▶ What you have to do
Retype the whole listing exactly. Leave out pictures.

▶ Collected data
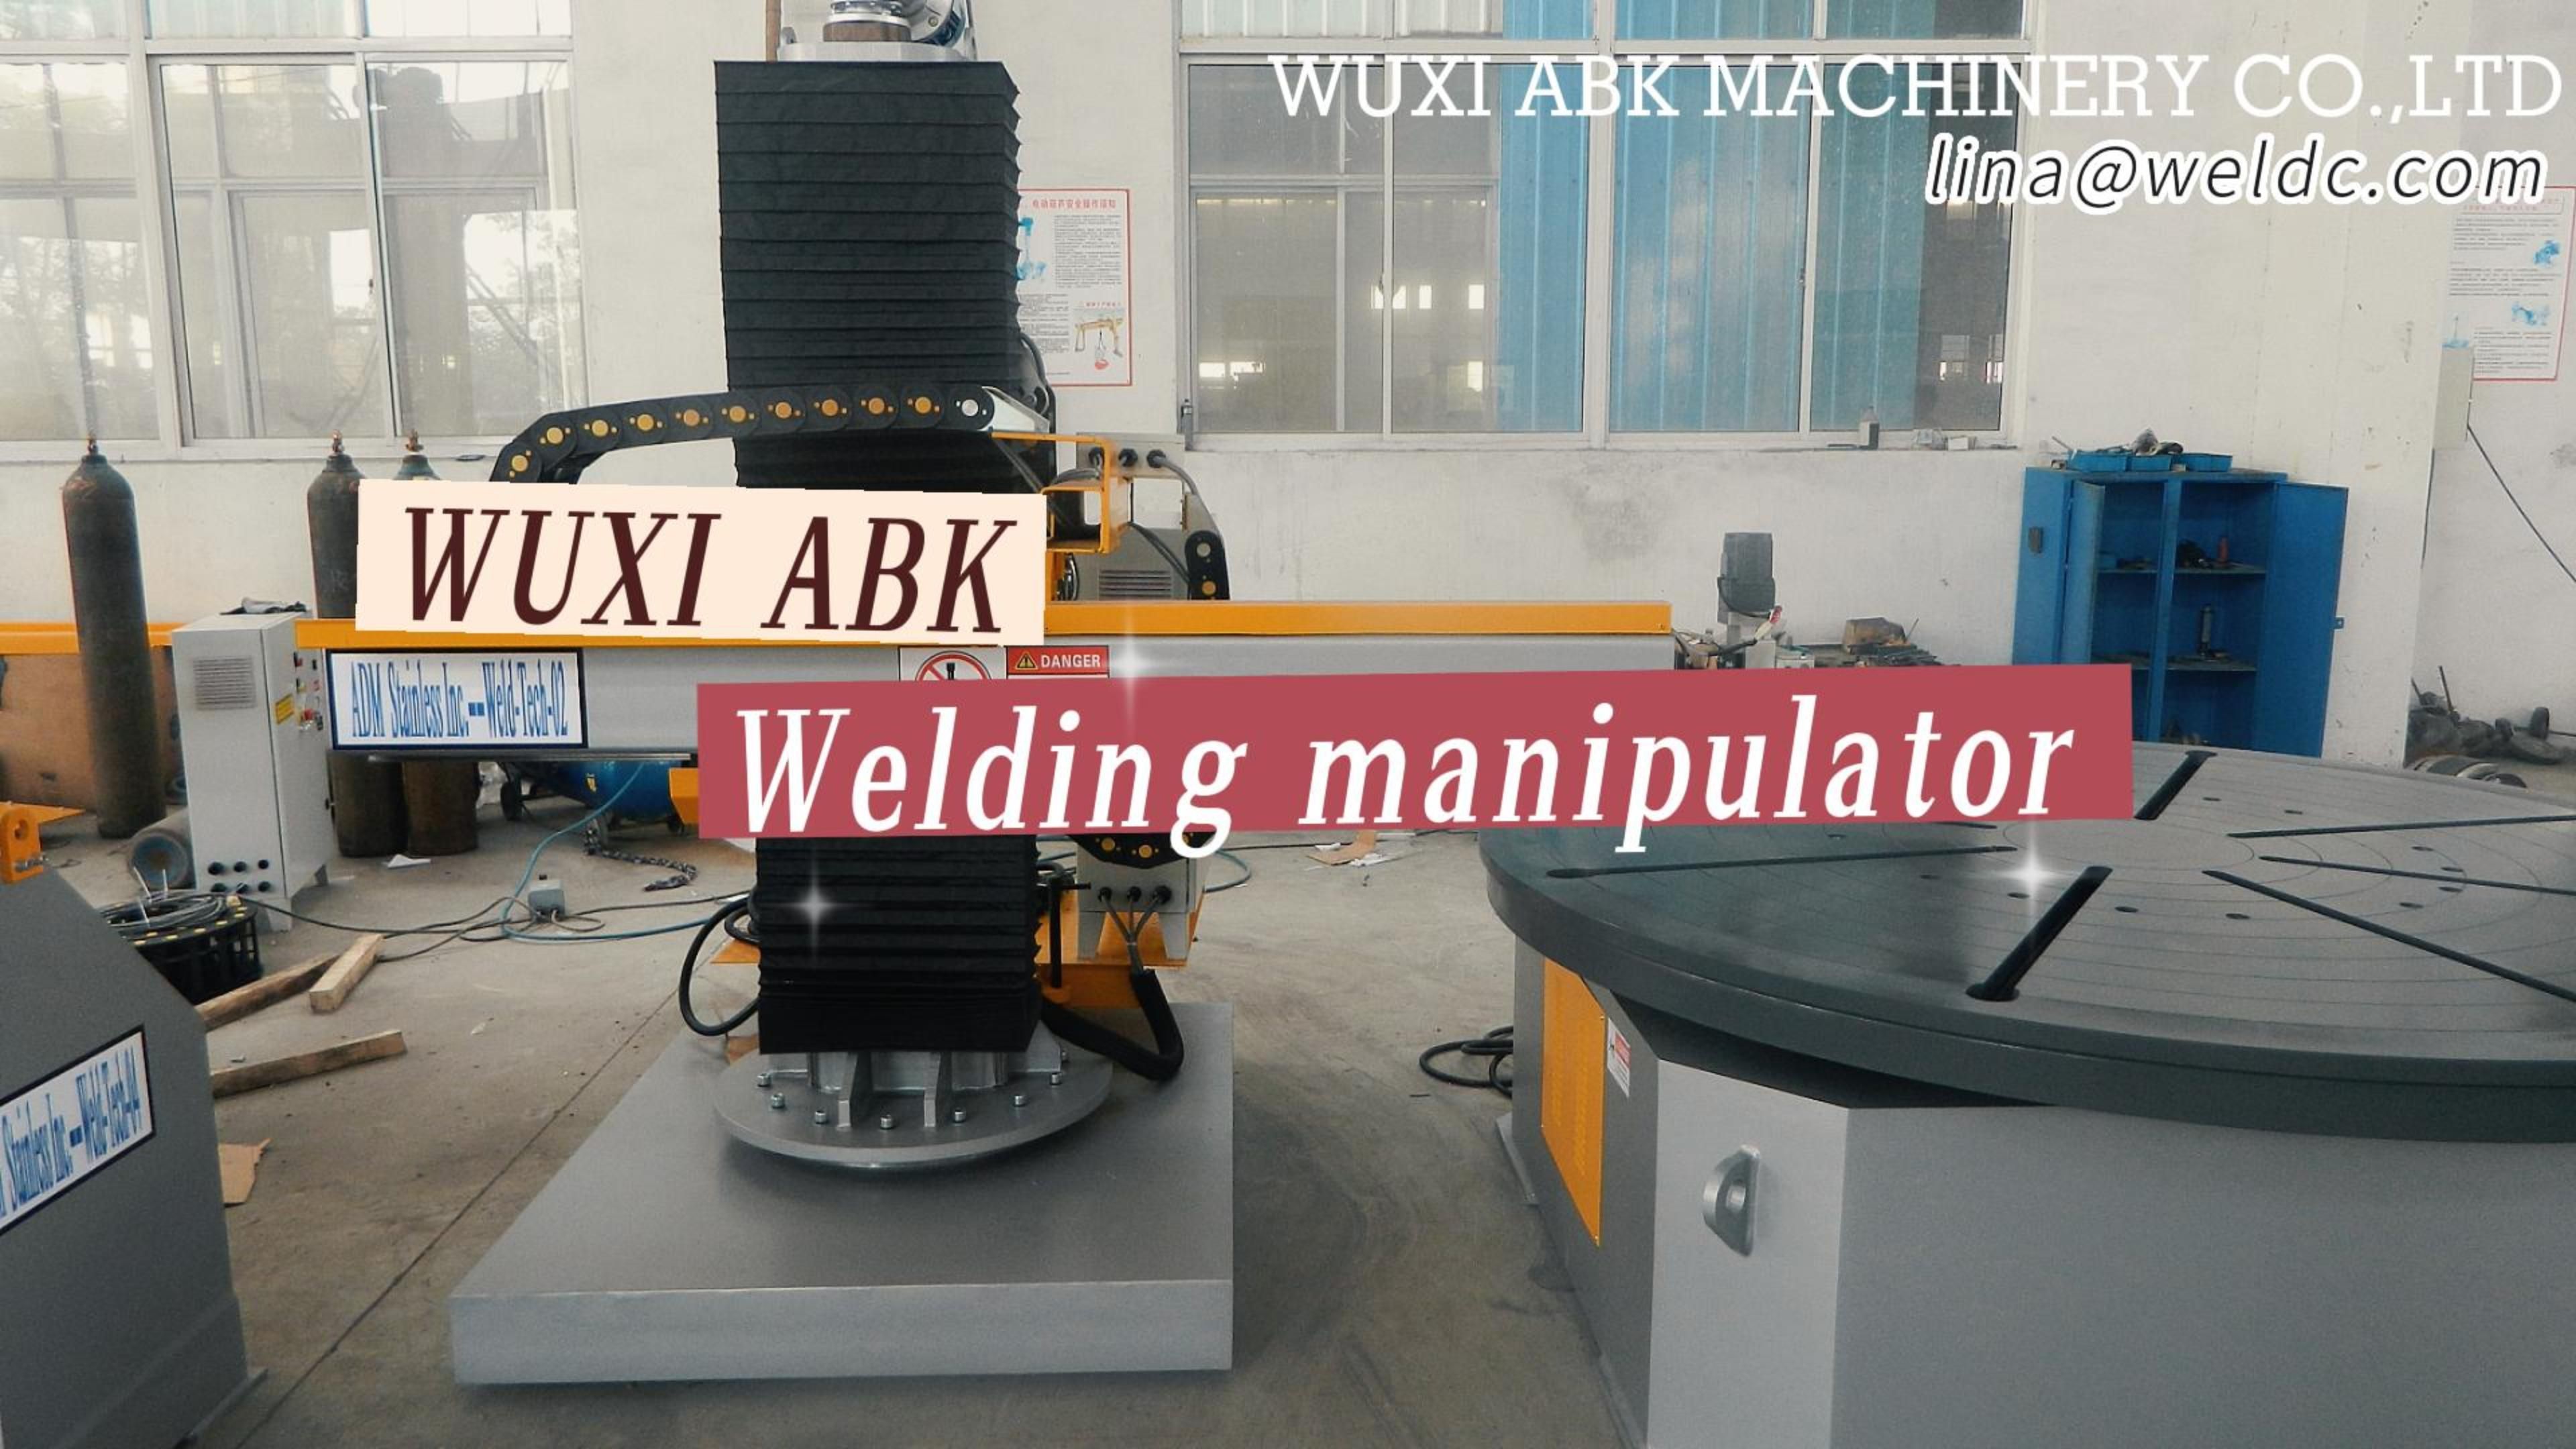 Manufacturers of welding auxiliary equipment: solving the pain points in the industry and realizing efficient technology.
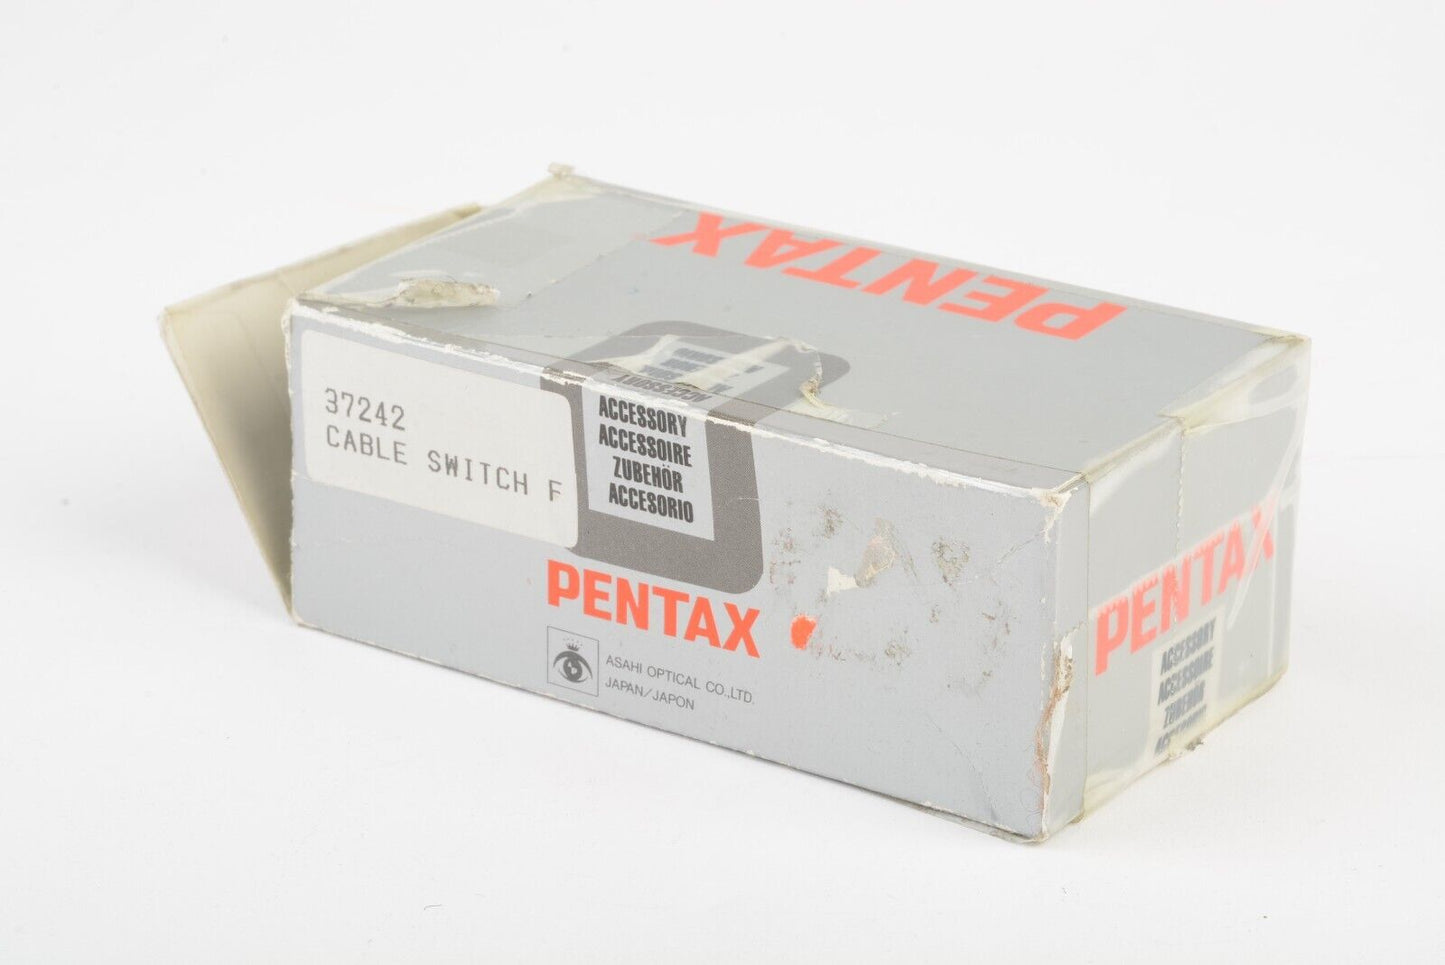 MINT- PENTAX CABLE SWITCH F FOR 645N PZ ZX & SF SERIES CAMERAS 37242 F/S
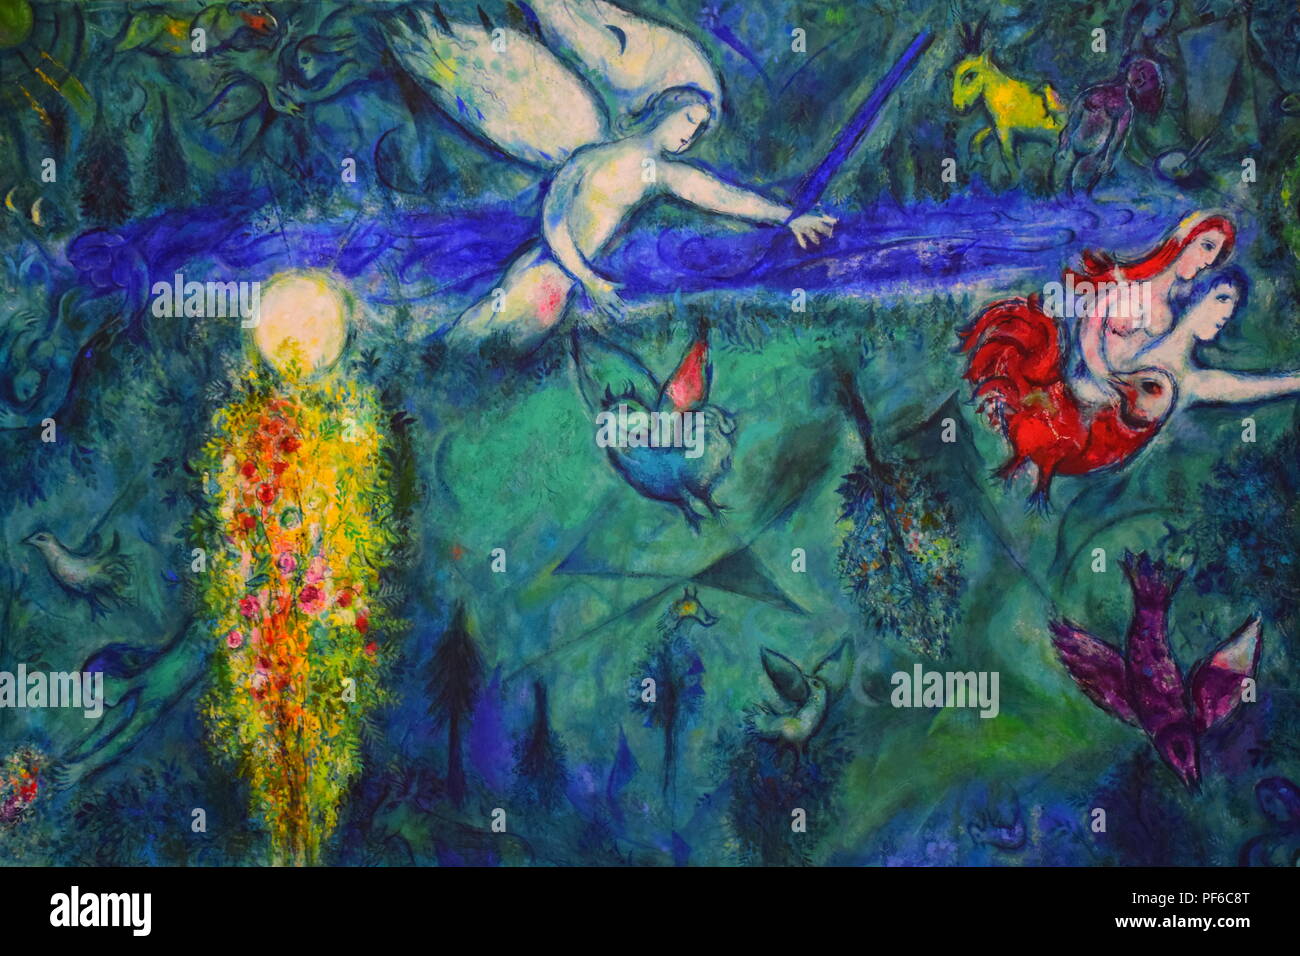 Adam and Eve Expelled from Paradise, a painting by Chagall in the Chagall Museum in Nice, France Stock Photo
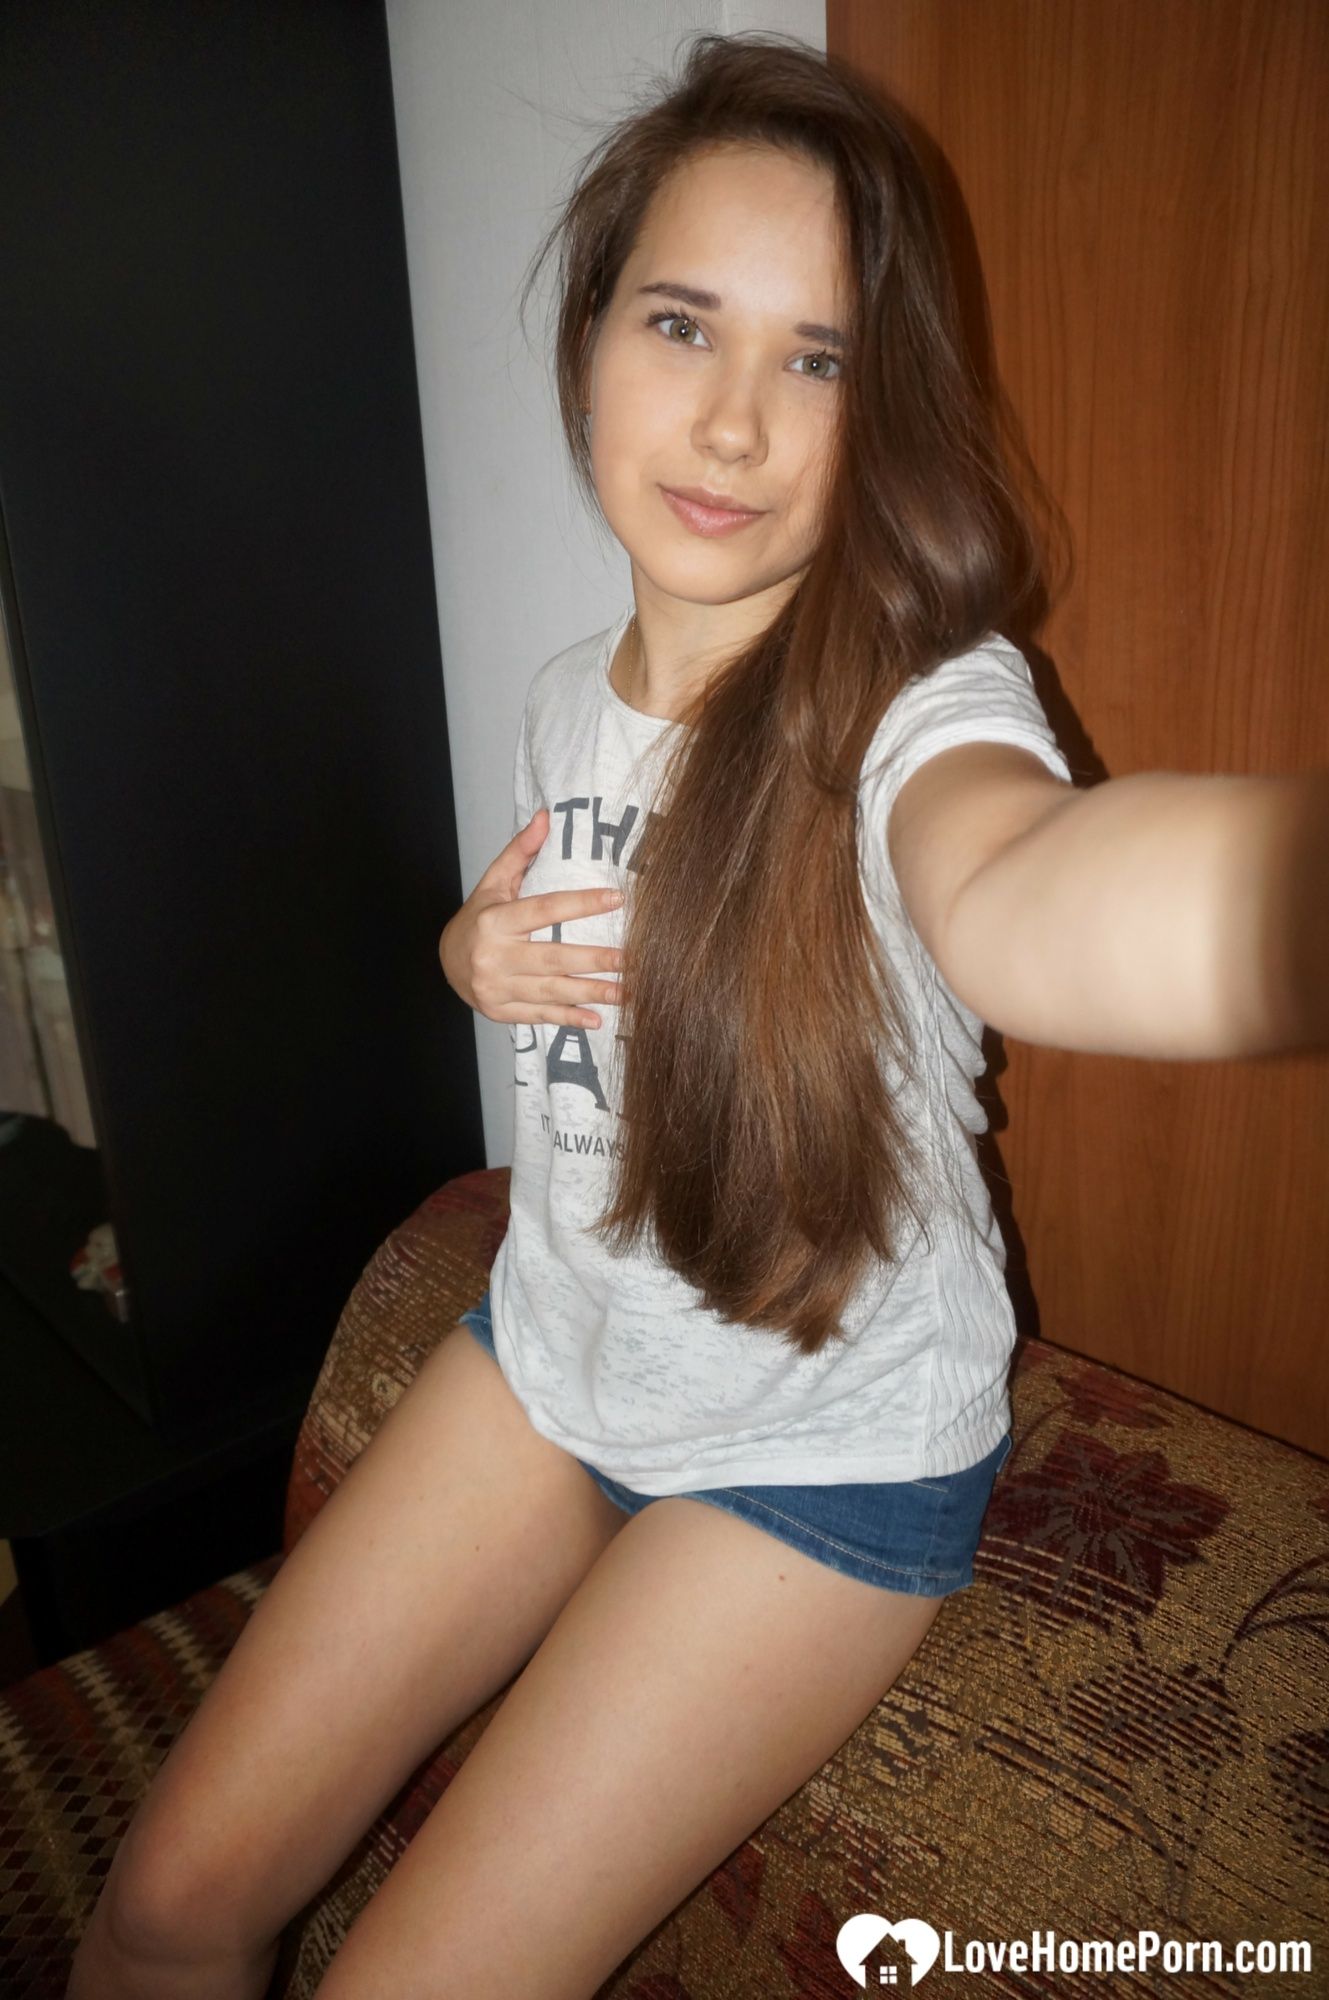 Long-haired teen loves to pose and take nudes #2

▶ Task output
 Manufacturers of welding auxiliary equipment: solving the pain points in the industry and realizing efficient technology.
 MINT- PENTAX CABLE SWITCH F FOR 645N PZ ZX & SF SERIES CAMERAS 37242 F/S
 Adam and Eve Expelled from Paradise, a painting by Chagall in the Chagall Museum in Nice, France Stock Photo
 Long-haired teen loves to pose and take nudes #2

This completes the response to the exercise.